For a long time, I thought the ten year myth – the idea that you had to be married for ten years to be entitled to a portion of the military retirement – was limited to military divorces only.
Please note, of course, that I called it a MYTH.
I didn’t realize that many civilians had this same belief, too. So, anyway, here I am, today, to dispel this myth for you. In Virginia, at least, there is no requirement that you must be married for ten years, whether military or civilian, in order to have an interest in the retirement accounts you or he invested in during the course of your marriage.
Under Virginia law, whether you are military or civilian, you have an interest in half of what was earned, purchased, or acquired during the marriage, and that includes retirement accounts.
What do you mean by retirement accounts?
When I’m talking about retirement accounts, I’m talking about investment accounts in which you (or he) contributed during the course of your marriage, whether these are pension or stock option plans, 401(k)s, 403(b)s, IRAs, or other wealth-building mechanisms.
How do I know if the account is marital?
In Virginia, we categorize property as either separate, marital, or hybrid, but it really all comes down to where the money originated from. If you or he earned it during your marriage, it’s marital.
If you didn’t earn it – like, it came from a trust fund, an inheritance, a gift, a personal injury award, or some other source outside of the efforts generated by either of you – then it’s likely separate, even if it came to one or the other of you during the marriage. Likewise, anything that you contributed to prior to the marriage or after the date of separation is likely your separate property as well.
But, if you or he earned it and invested it during the marriage, you have an interest in it at the point of separation and/or divorce.
What if we haven’t been married ten years?
If you haven’t been married ten years, then your interest may be small-ish. Right? The way these accounts work, the amount starts to grow because of the benefits of compounding interest.
You only have an interest in what was earned during the marriage (and appreciated value from those contributions), but if your soon-to-be ex goes on to work for many, many more years, or to contribute more post-divorce, or had already contributed a lot before you were married, well, your interest may be correspondingly somewhat small.

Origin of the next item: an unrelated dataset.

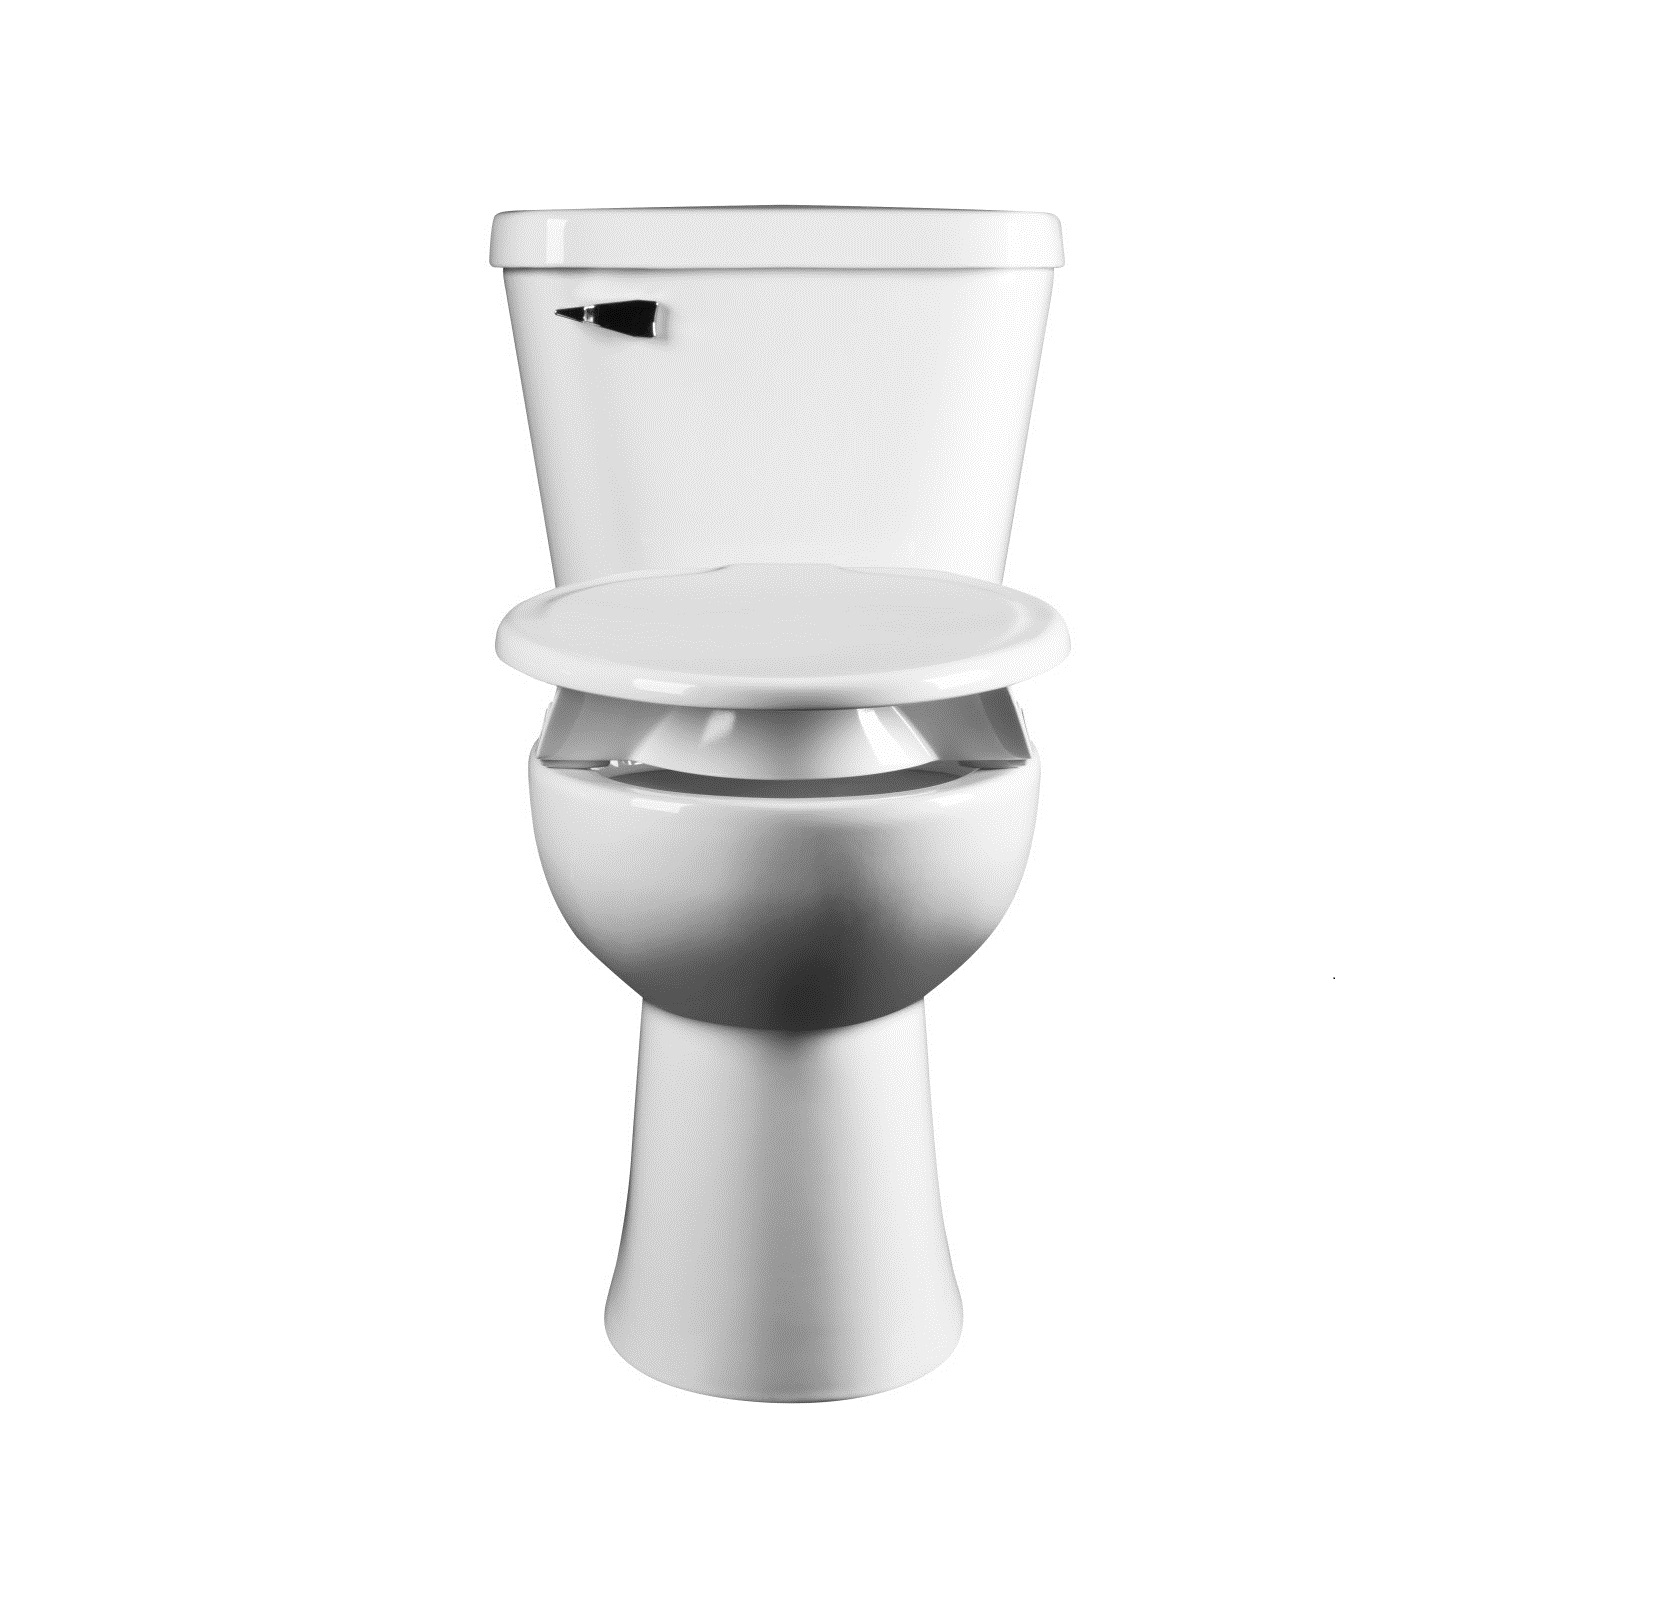 instructions for installing bemis toilet seat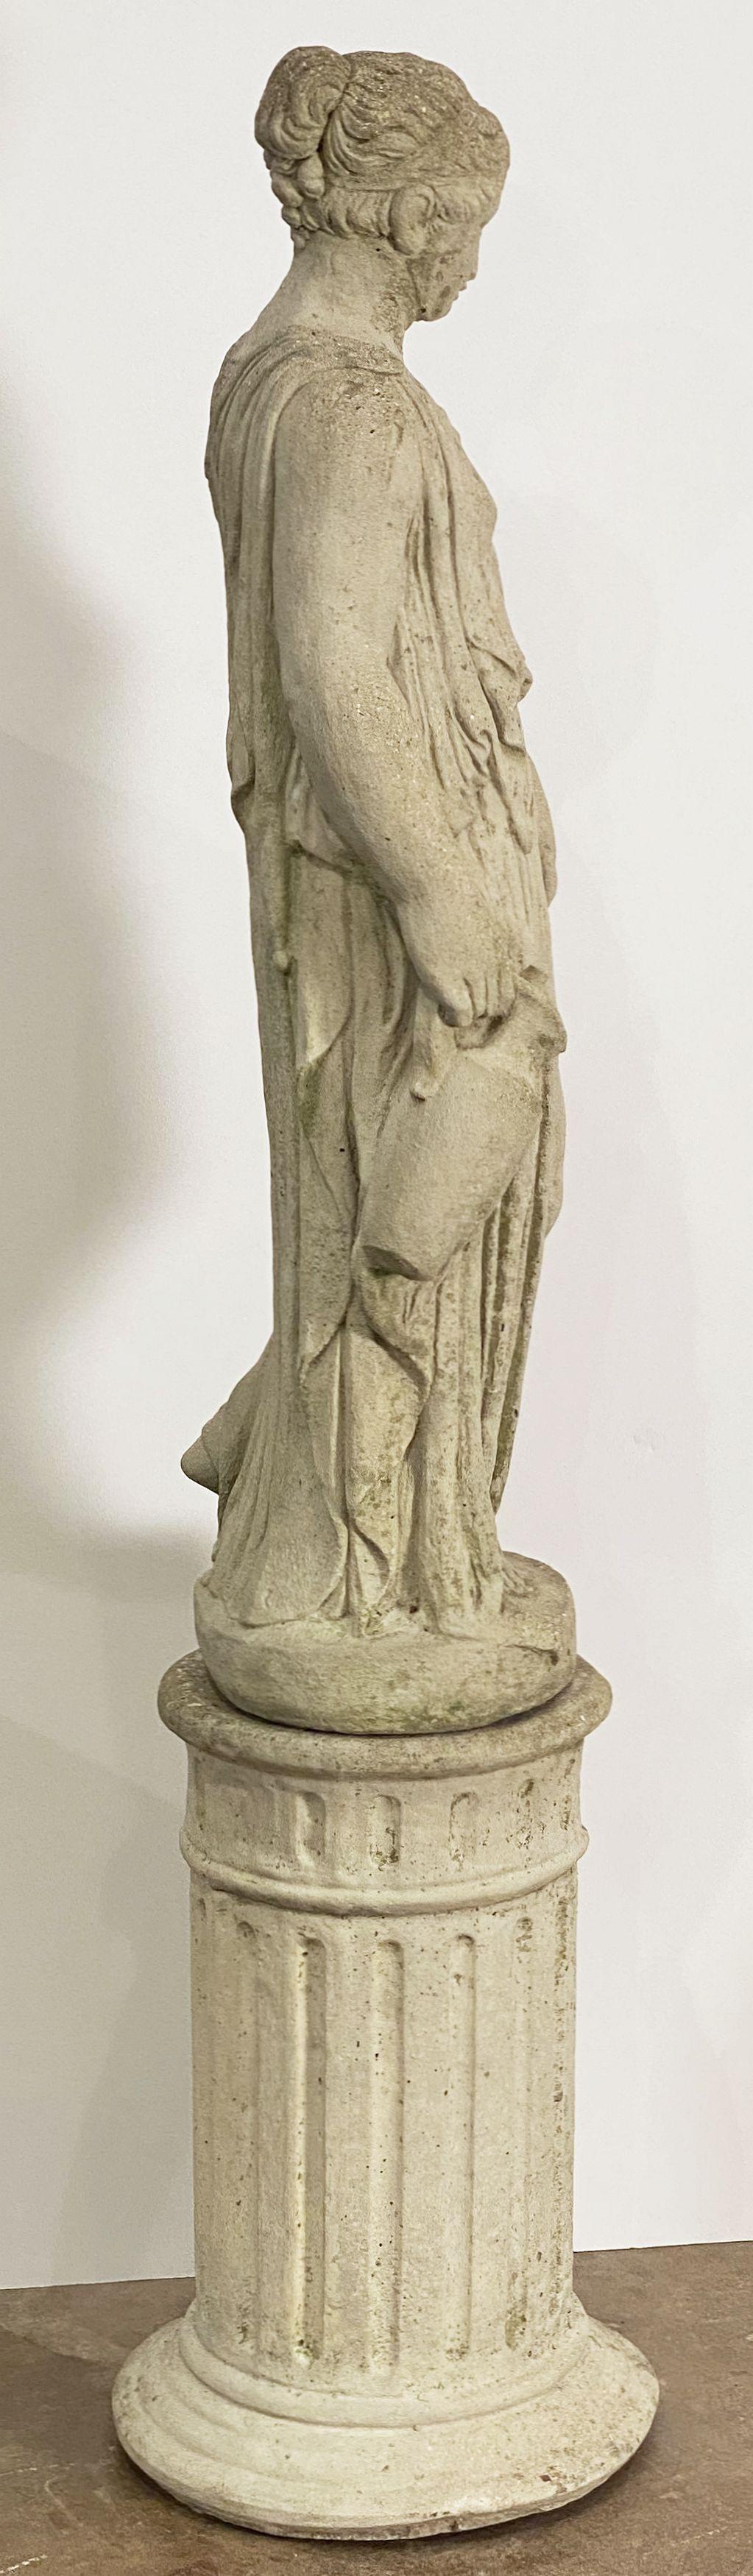 Large English Garden Stone Statue of a Maiden on Column Pedestal (H 59 1/4) 11

In the case of a pension, if you were only married for 5 or 6 years out of a 30 year career, well, your interest is relatively small, too. But that doesn’t mean it doesn’t exist.
It’s possible that it’s small enough – or that your accounts in your own name are worth enough – that you might waive your interest in these things, but a (good) attorney will never tell you to do that without at least encouraging you to try to figure out what your interest is worth.
So, why does this ten year myth exist?
Well, there is good reason for the ten year myth. In the military, if you haven’t been married for ten years, then you don’t qualify for direct pay from DFAS. That means that, once your ex husband retires, you won’t receive your portion of the retirement directly from DFAS; your husband will receive his portion and then he’ll forward yours on to you. It’s a bit of an annoyance but the most important takeaway here is that this doesn’t mean you don’t have an interest. You do.
There’s also social security, which does require that you be married for ten years before you have the option to elect to receive your portion of his benefit. For a number of Americans, this is the only “retirement” they’ll have, so I can understand the confusion. Social security, though, is a federal program and it is federally regulated. It’s not something that we handle or divide in divorce. In fact, if you opt to receive your portion of his benefit – as opposed to your own – it doesn’t cost him anything. It doesn’t change his social security benefit.
It’s not something that we have to divide in divorce. In fact, it doesn’t really come up in divorce at all. In our separation agreements, we just have a general clause that says something like that nothing in the agreement is intended to modify any entitlement that either spouse has under social security. That’s it.
For these purposes, social security isn’t really retirement – or, at least, it’s not a private, individual retirement account that is divisible in divorce. So, although for social security purposes you must be married for this period to qualify to receive those benefits, there is no such qualification required in order to receive your portion of the retirement accounts – pensions, 401(k)s, IRAs, etc – that were invested in during the marriage.
It’s really these two things – the direct pay bit and the social security bit – that leaves people confused. But it is important to know that you are entitled to the retirement that was earned during the marriage, as well as any increase in value during that time, as part of your divorce.